» Information shown
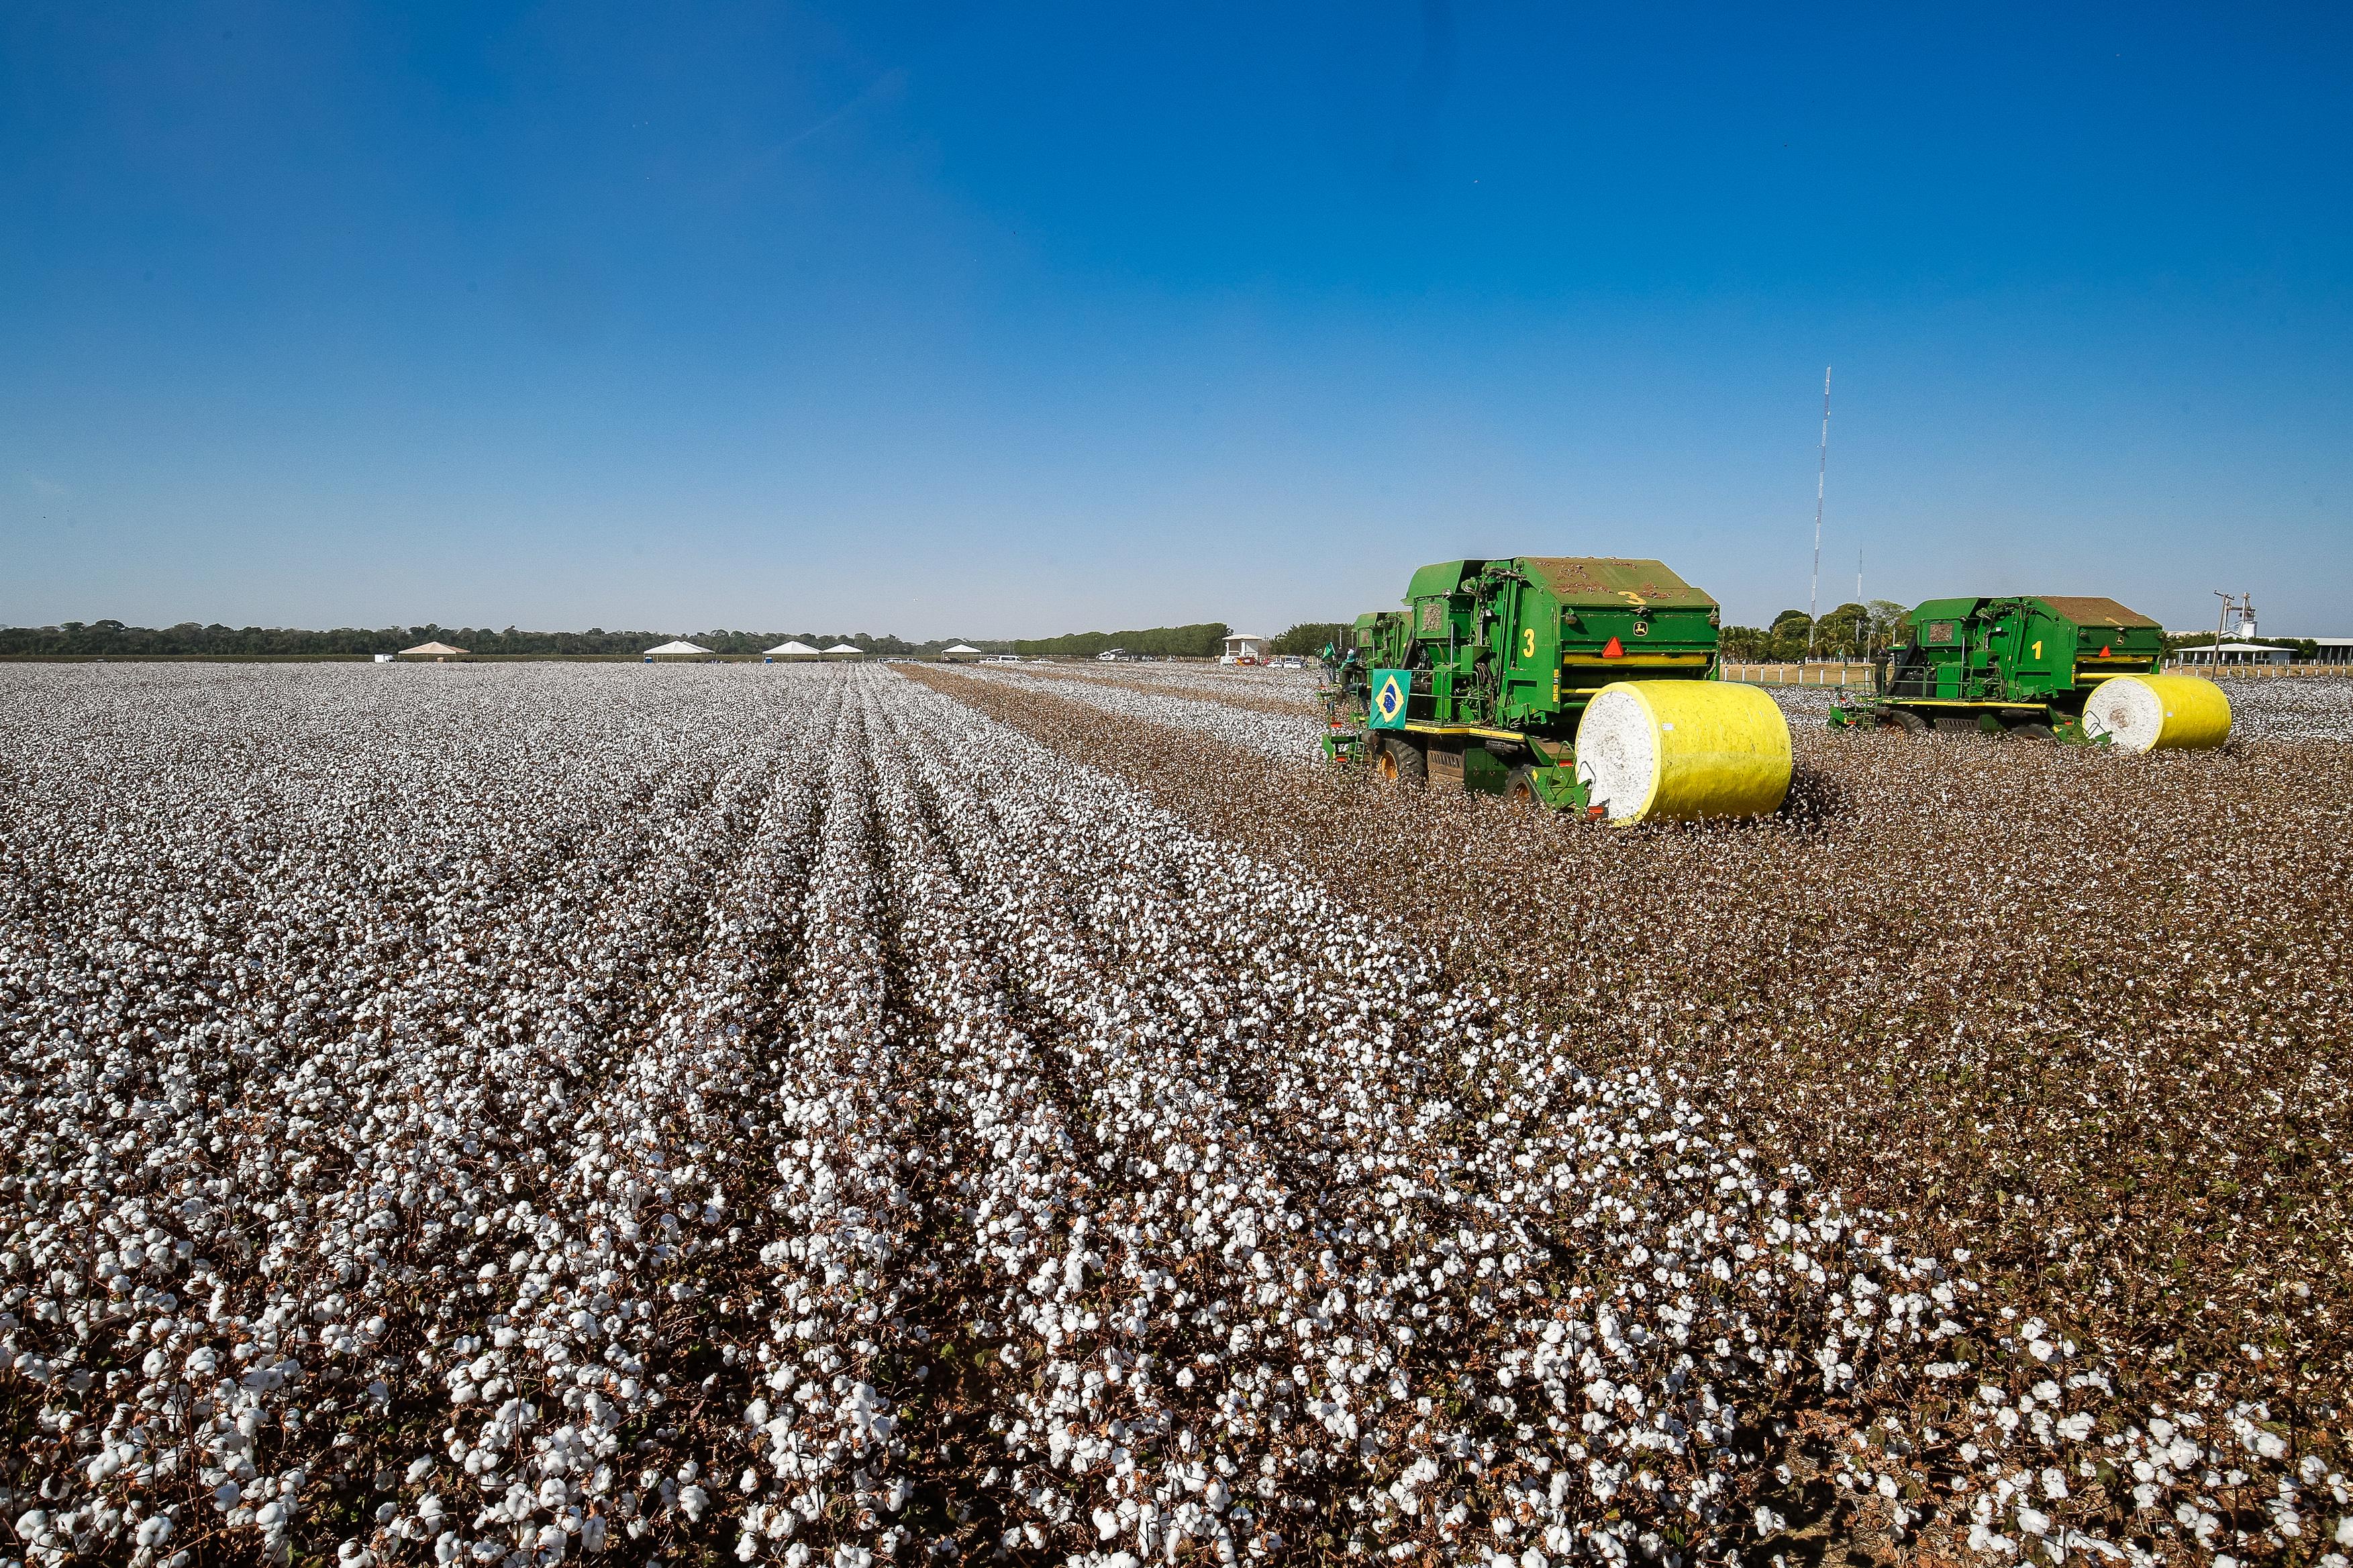 Agropecuária - plantações - agricultura algodão agricultor rural colheita
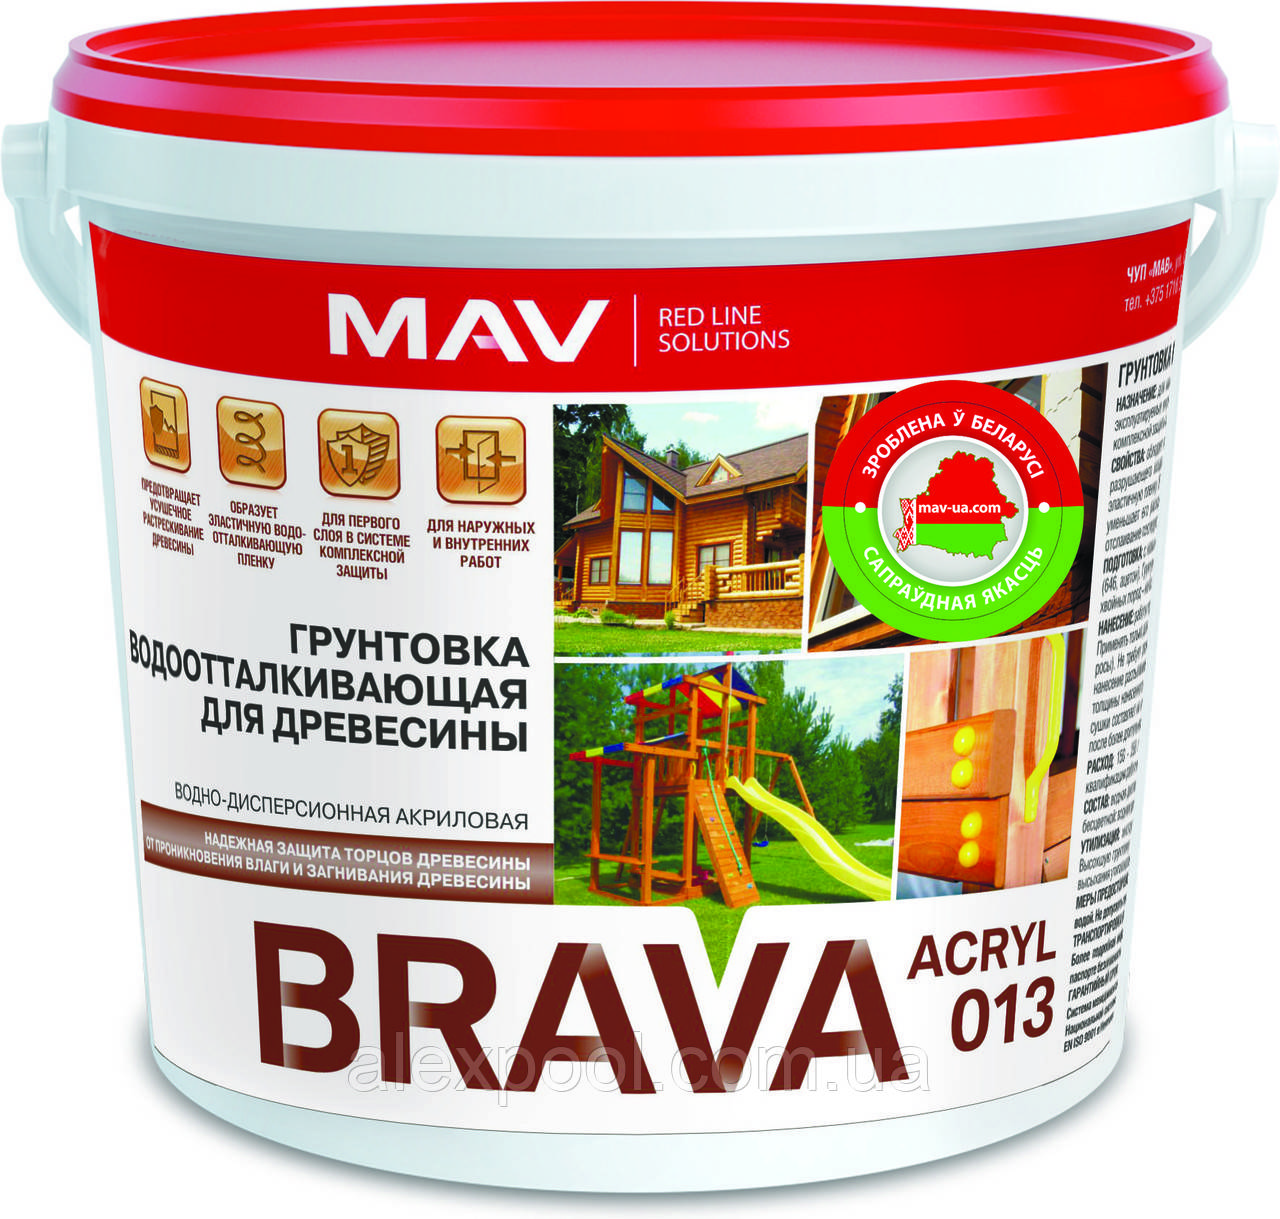 Грунтовка акриловая MAV BRAVA ACRYL 013 для дерева водоотталкивающая Бесцветная 1 литр
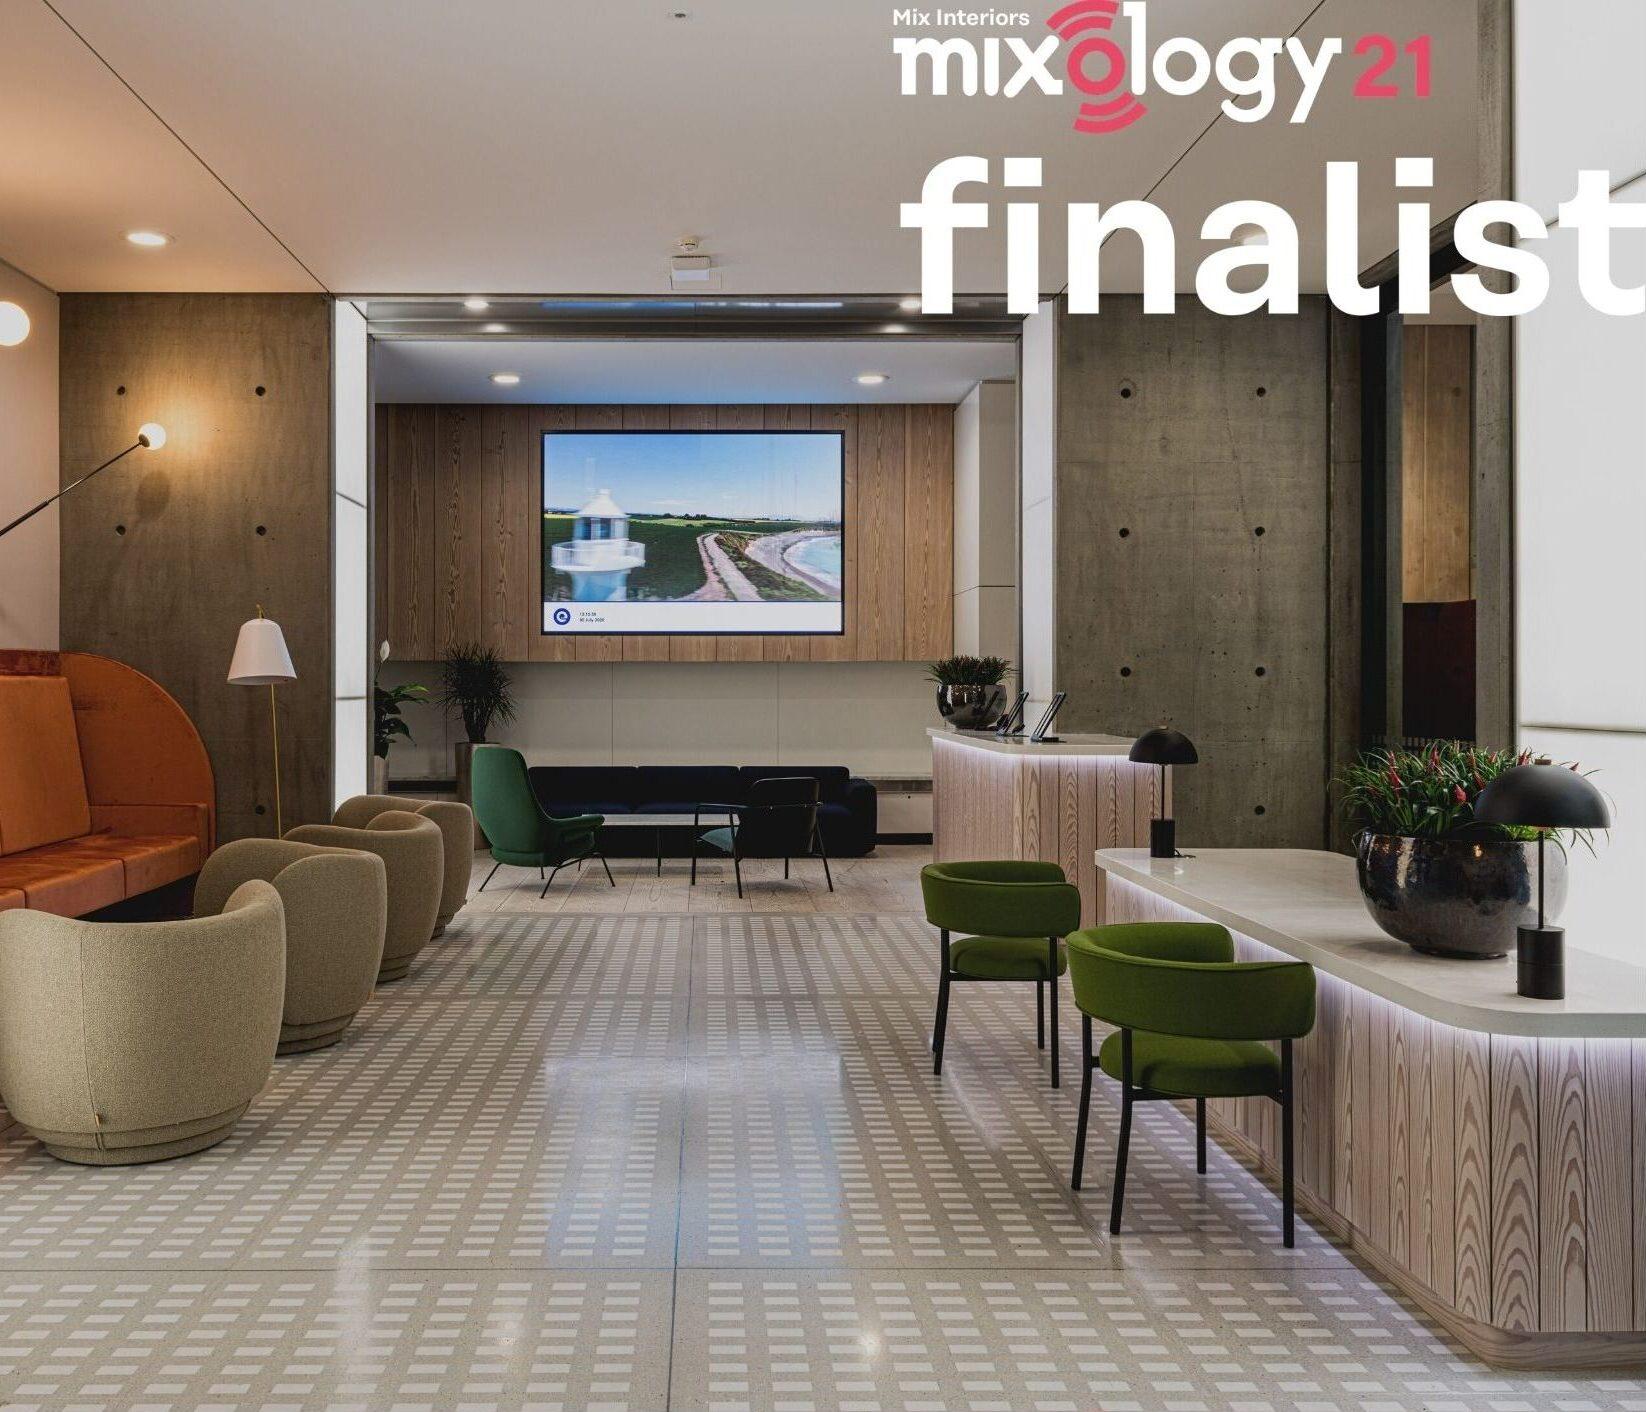 Mixology Awards 2021

» Task
The answer should be an exact copy of the material, with its pictures removed.

» Result of this exercise
 Agropecuária - plantações - agricultura algodão agricultor rural colheita
 Грунтовка акриловая MAV BRAVA ACRYL 013 для дерева водоотталкивающая Бесцветная 1 литр
 Mixology Awards 2021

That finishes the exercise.